Colin Friels preaches from the mount on his love for Faith Healer, the show he never gets tired of performing.
Adelaide’s season of Faith Healer will not be the first time Colin Friels has trod the boards for the State Theatre Company South Australia. Indeed, Friels was one of the many highly successful actors to come through the company’s earlier ensemble.
“When I first got out of NIDA, I went down to the State Theatre for about 18 months,” says Friels. “That’s back in the 70s.”
Friels is candid on the phone with The Adelaide Review, noting that while he loves Adelaide, he wasn’t a fan of the last show he was a part of here, Mortido, which also toured to Sydney.
“I did a Jim Sharman show once too, and a real dog of a show down there about four years ago… Wonderful playwright, though, [it was] an Angela Betzien play.”
The candour with which Friels speaks serves to reinforce his love for the current Belvoir St Theatre production making its Adelaide debut. He speaks with almost religious fervour when discussing the show. It is his favourite play, from his favourite dramatic playwright Brian Friel (alongside Anton Chekhov), and he never gets tired of performing it.
“I love it intensely,” he says. “It’s so Celtic, so beautifully drawn. It’s a bottomless, endless view – an extraordinary revelation about what it is to be human.”
Faith Healer is noted for its unique structure composed of four monologues from three characters, and its deep, lyrical prose. Friels plays Francis Hardy, the show’s eponymous healer, and in his two monologues, alongside those of his wife Grace and manager Teddy, questions are raised as to the veracity of his healing power, life, death and memory.
After premiering in 1979, Faith Healer was at first a commercial failure, but has gone on to be recognised as one of Brian Friel’s best plays. It is, in Friels’ words, “a magnificent piece of work”.
Friels has been playing Hardy since October 2016 for the Belvoir St production. Directed by his wife and dramatic juggernaut Judy Davis, Friels says he has never played one character this many times, but he never tires of the role as his interpretation of Friel’s text shifts over time.
“It’s changing all the time,” says Friels. “It’s completely different every time, and that’s because you’re different every time you go back to it.”
Further, the space in which the show is performed has an enormous impact on its presentation, says Friels, citing a recent season at Melbourne’s Sumner Theatre as an example.
“It also depends on the space,” he says. “This time we’re going to a small space, and we were in a big space last time – a terrible theatre called the Sumner Theatre in Melbourne. It’s a horrible theatre. Really horrible, a dreadful place and it’s not conducive to anything, that space.”
Friels’ appreciation for a play so characterised by its monologue structure has also evolved as he sees the connections between its characters, and the changes that the other actors, Alison Whyte and Paul Blackwell, incorporate into their performances.

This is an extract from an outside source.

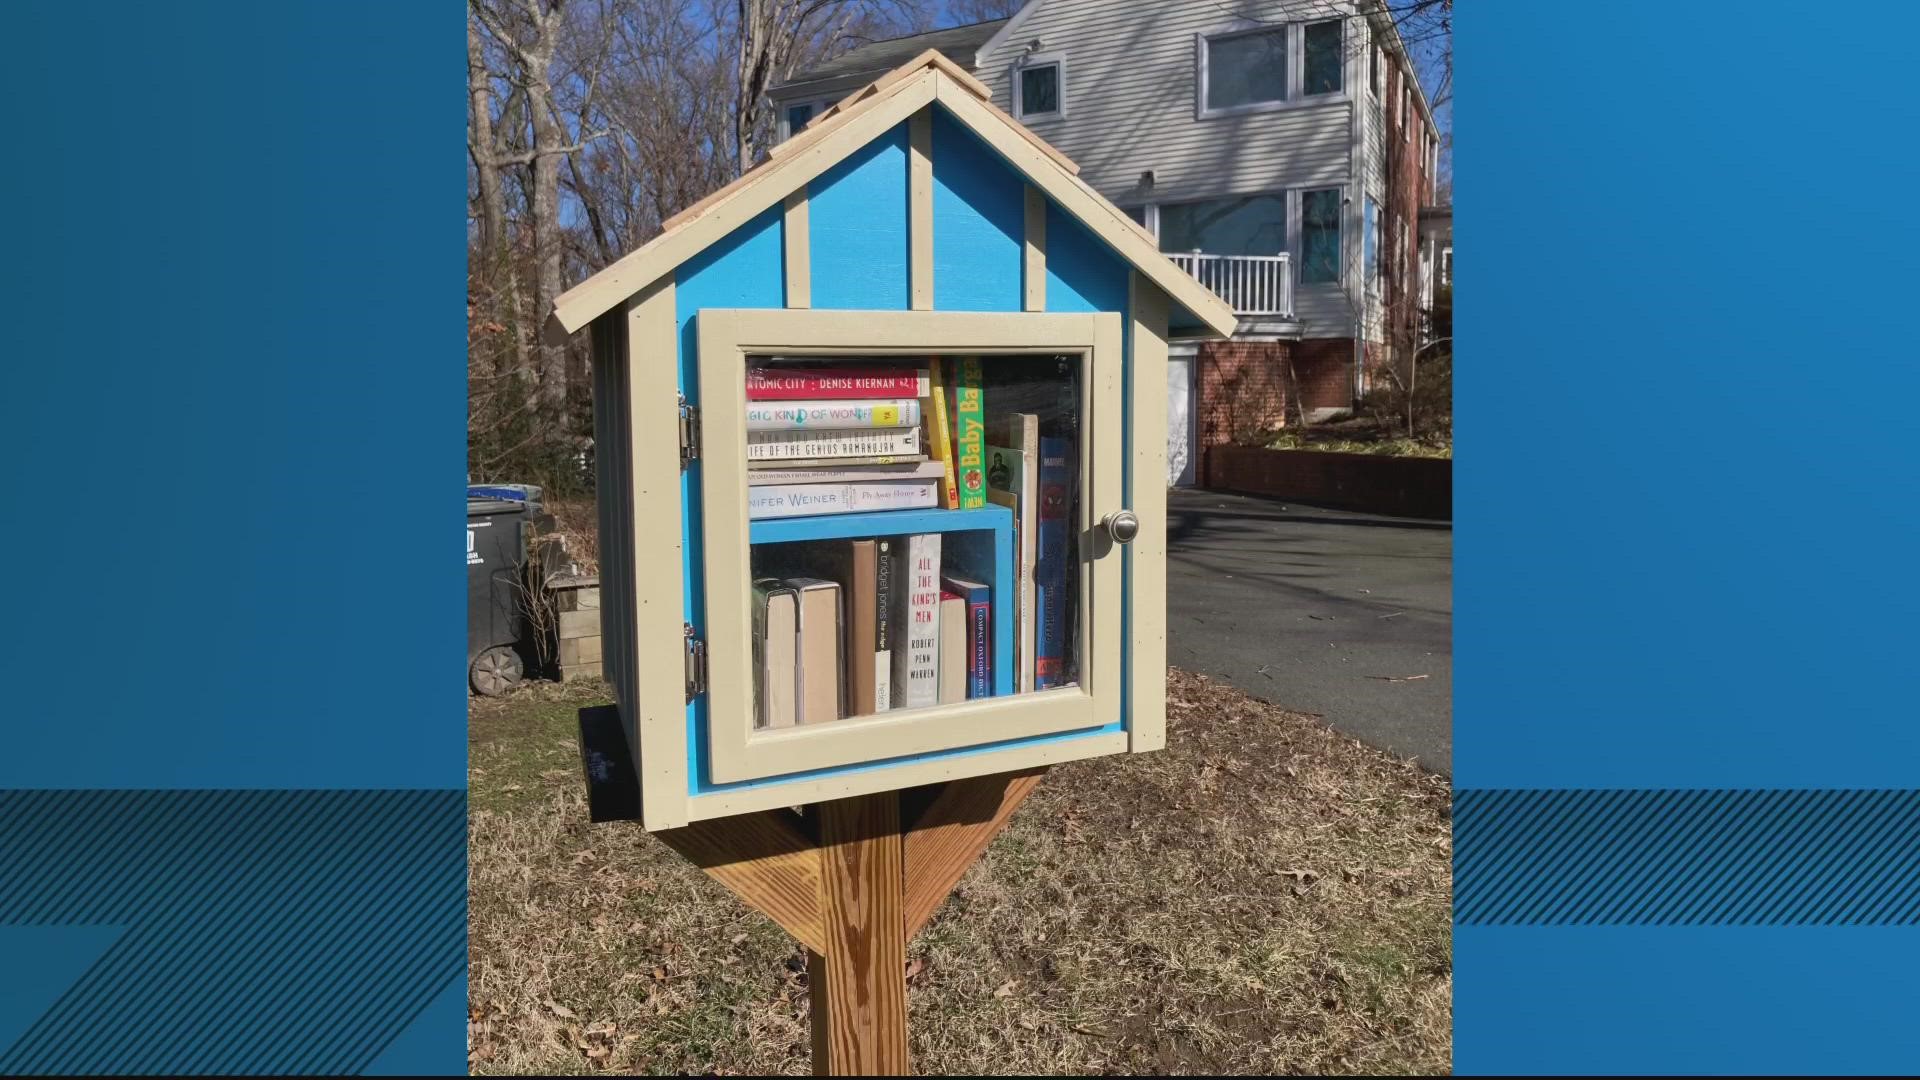 After an explosion in Arlington, Virginia destroyed a Free Little Library last year, someone rebuilt it last week, the owner told WUSA9 on Monday.

“The more I do the play, the more I realise that the monologues aren’t separate,” says Friels. “It’s very much an ensemble piece by three actors. I’m sure they’ll [Blackwell and Whyte] be like me. They’ve been away and they’ll come back and bring different things to it. Things seep into you. I’m a slow worker anyway, and it takes me a long time to grasp the nettle of what things are about.”
Friels’ enthusiasm doesn’t stop at the play either, as he raves about the addition of Adelaide’s Paul Blackwell to the cast as Teddy.
“We have your very own, the fantastic, wonderful, beautiful, brilliant Paul Blackwell,” says Friels. “He is amazing, beautiful and worth the price of two tickets alone, Blackwell, and of course Alison Whyte, say no more, but Paul is a legend. I’ve got a shrine too him. I love him.”
The mercurial nature of the play, which has received rave reviews in its seasons on the east coast, still leaves Friels in awe of its playwright, but never ceases to be a challenge.
“It is a privilege to come back to this play, an enormous privilege,” says Friels. “It’s terrifying because there’s a Hebrew stain, ‘Mene, mene, tekel, upharsin’, which means that you have been weighed in the balance and found wanting. This play finds me wanting all the time, as it’s bottomless and there’s no end to it.
“I just hope the audience enjoy our company and share our story with us. That’s all I want. If one person goes away thinking, ‘that was a quite an experience’ that would be wonderful.”